*EXERCISE DATA*.
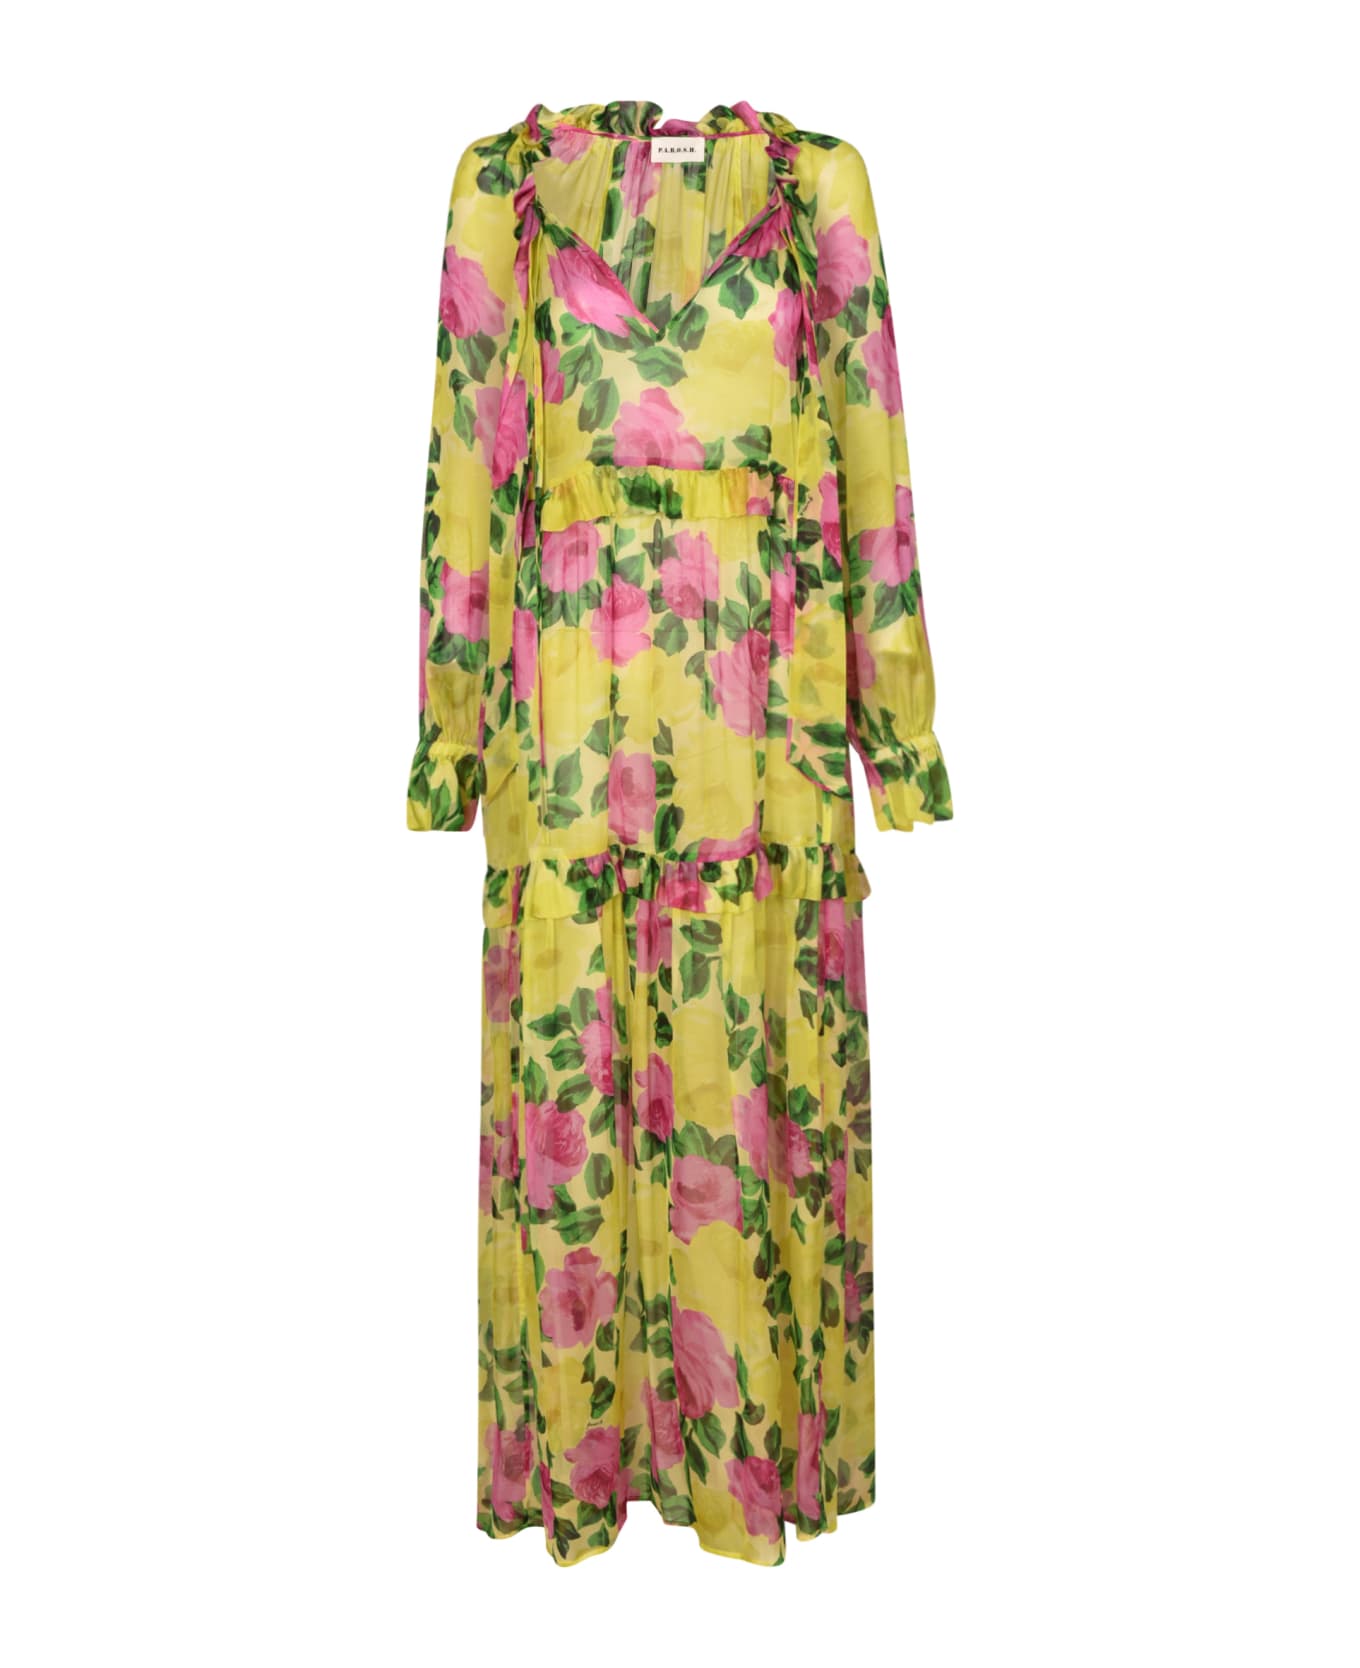 Parosh Floral Printed Long Dress - Fantasia gialla
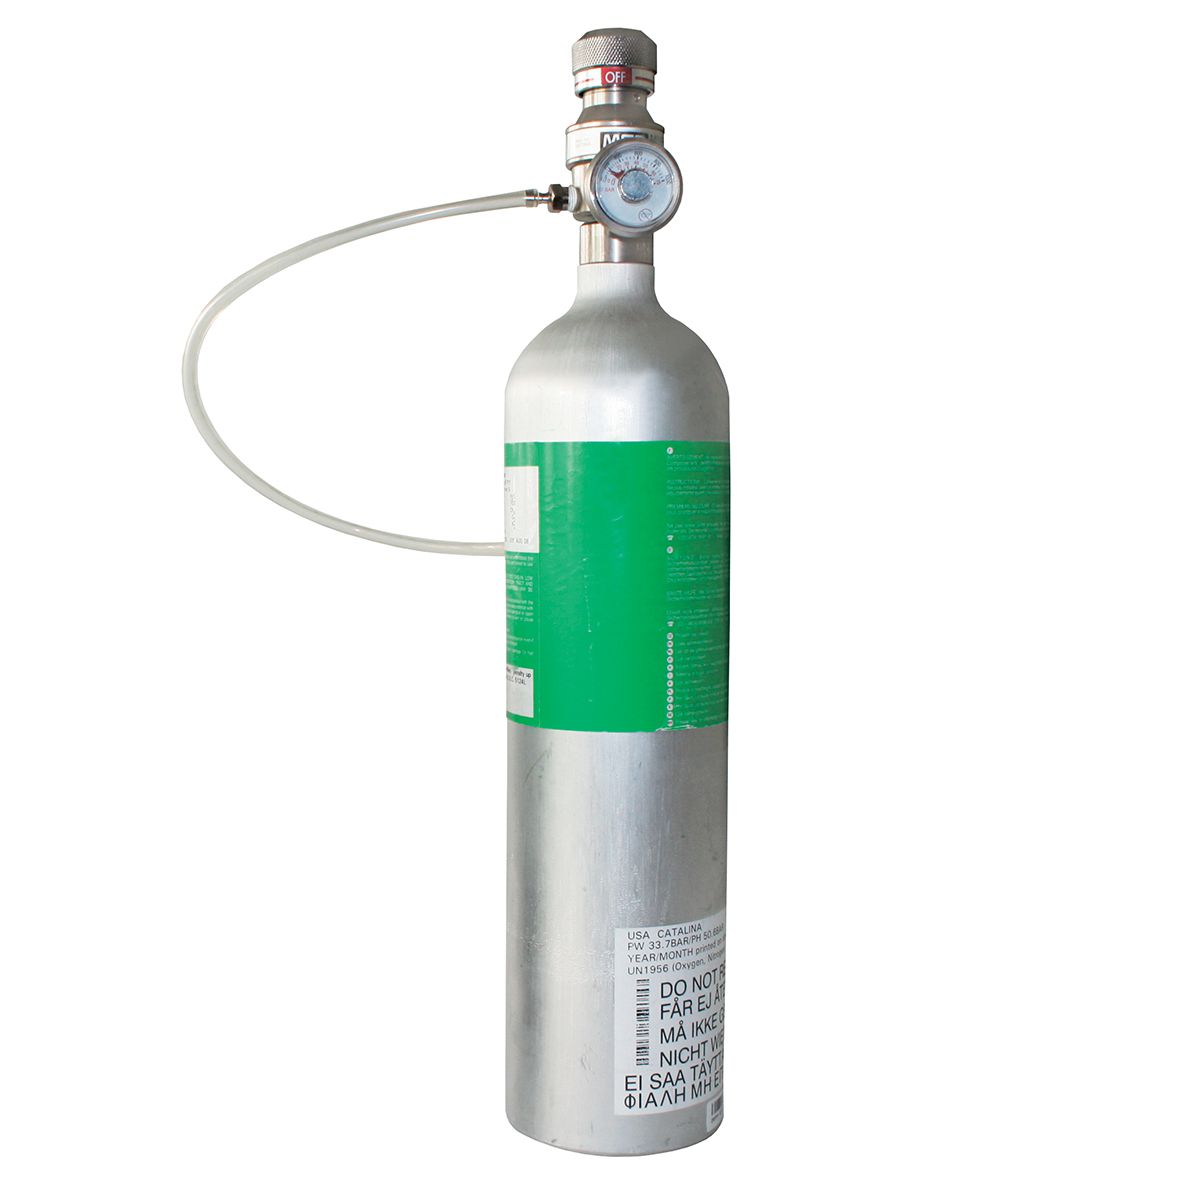 MSA Mischgasflasche 58 L - 0,4 Vol% C3H8, 60 ppm CO, 20 ppm H2S in Luft
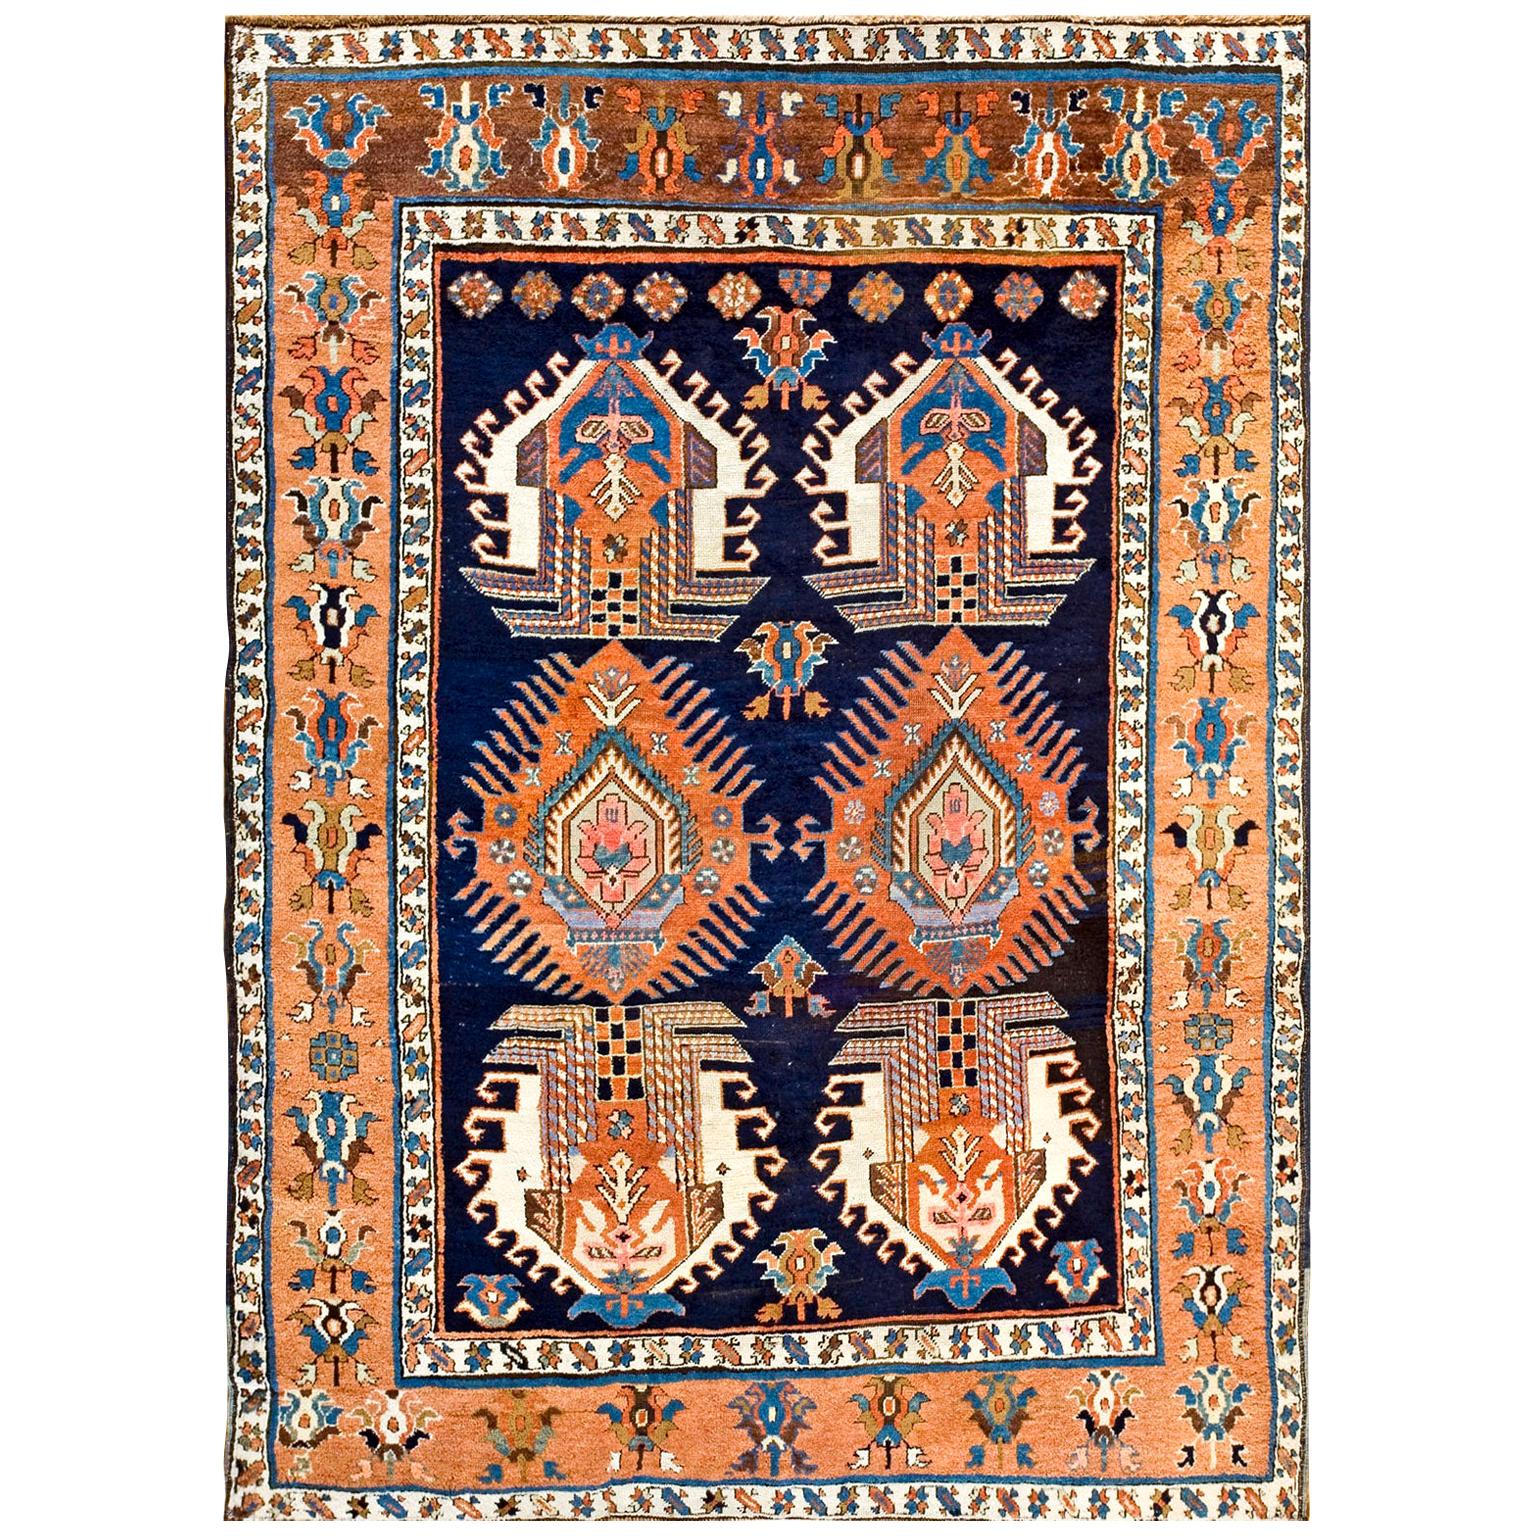 Late 19th Century NW Persian Shahsavan Carpet ( 5' x 6'10" - 253 x 208 cm ) For Sale

*REQUIRED WORK*.
Without the pictures, print the whole listing exactly as given.

*SOLUTION BELOW*.
 Parosh Floral Printed Long Dress - Fantasia gialla
 MSA Mischgasflasche 58 L - 0,4 Vol% C3H8, 60 ppm CO, 20 ppm H2S in Luft
 Late 19th Century NW Persian Shahsavan Carpet ( 5' x 6'10" - 253 x 208 cm ) For Sale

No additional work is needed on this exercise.